[The input]:
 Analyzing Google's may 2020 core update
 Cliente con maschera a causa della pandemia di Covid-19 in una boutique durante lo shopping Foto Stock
---
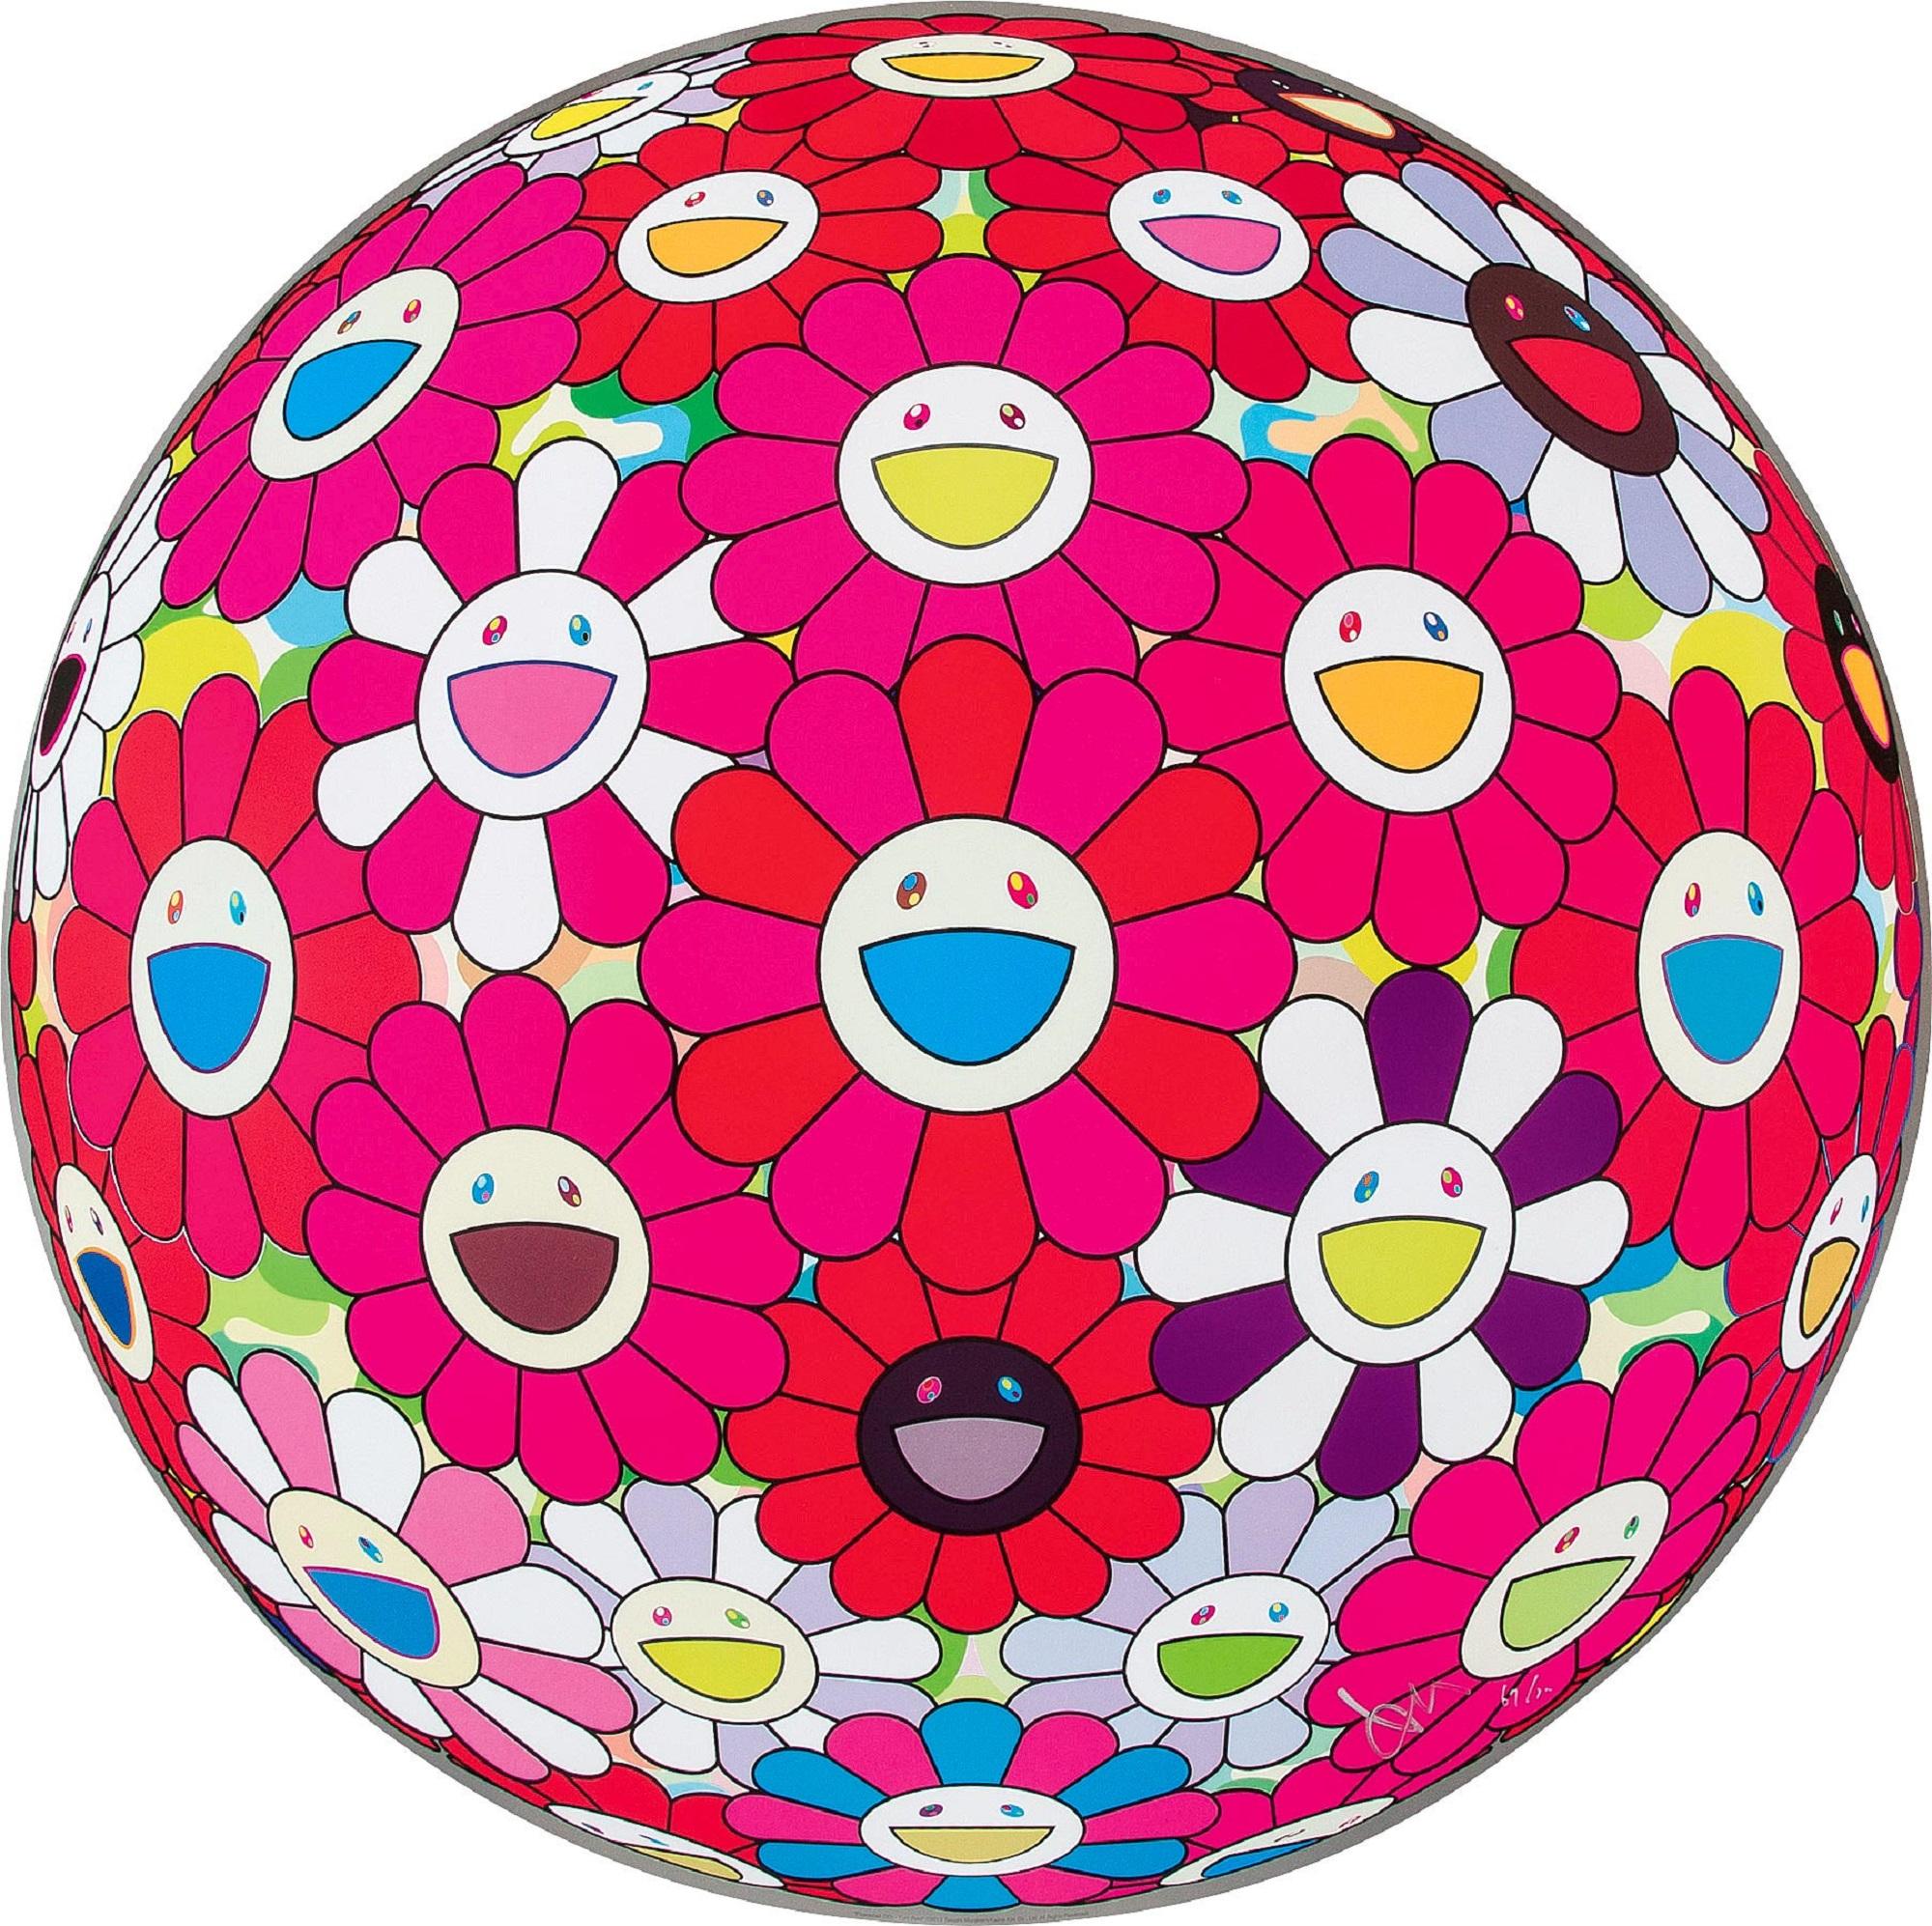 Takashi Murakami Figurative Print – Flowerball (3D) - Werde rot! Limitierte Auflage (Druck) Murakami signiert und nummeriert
...
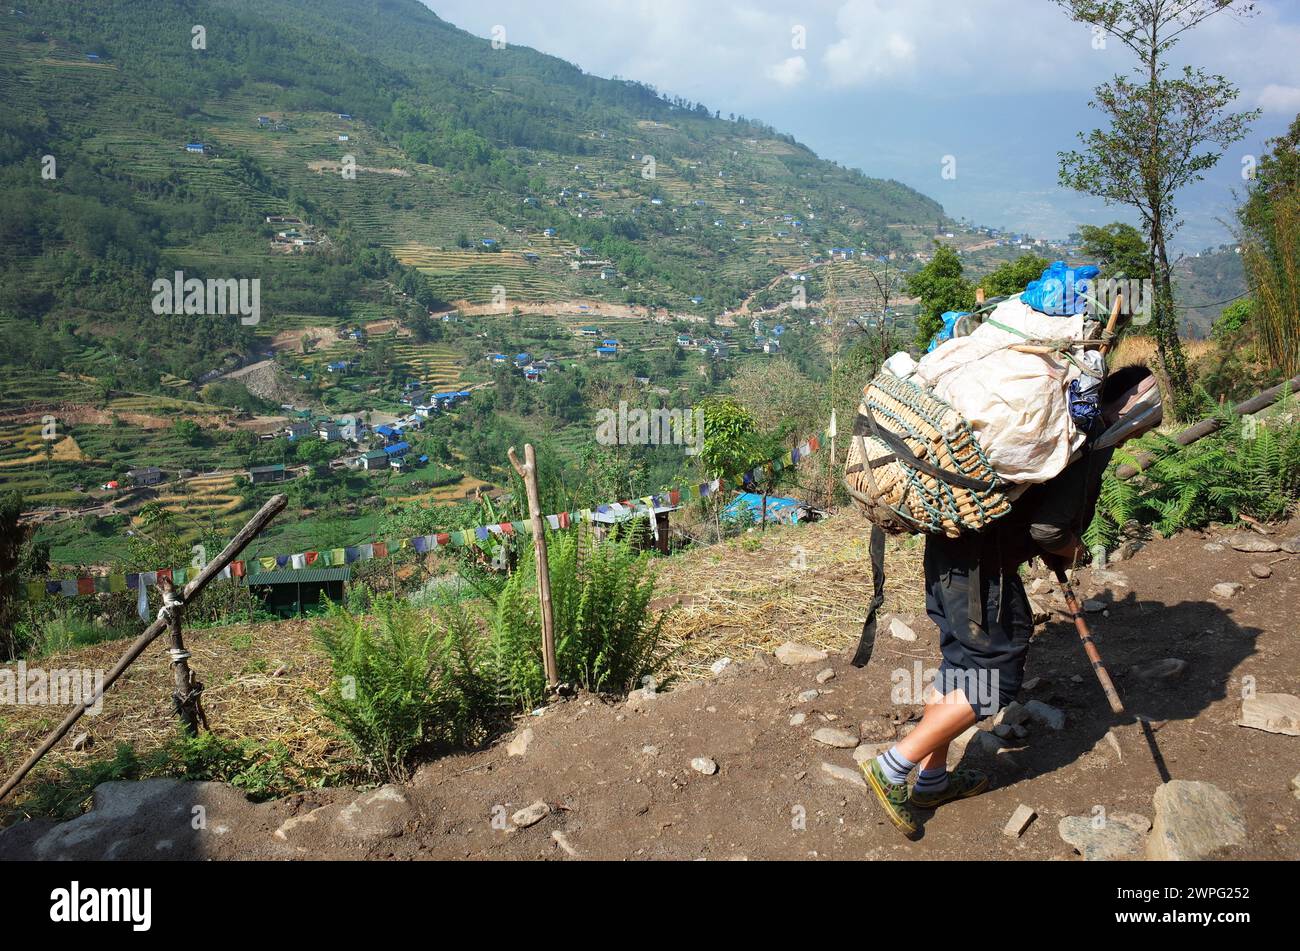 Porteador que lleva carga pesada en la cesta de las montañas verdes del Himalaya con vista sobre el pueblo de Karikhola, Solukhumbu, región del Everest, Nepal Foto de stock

[Work task]: Reproduce the entries above exactly, but only the lines between the line holding "Analyzing Google's may 2020 core update" and the line holding "Cliente con maschera", inclusive.

[Expected answer]:
 Analyzing Google's may 2020 core update
 Cliente con maschera a causa della pandemia di Covid-19 in una boutique durante lo shopping Foto Stock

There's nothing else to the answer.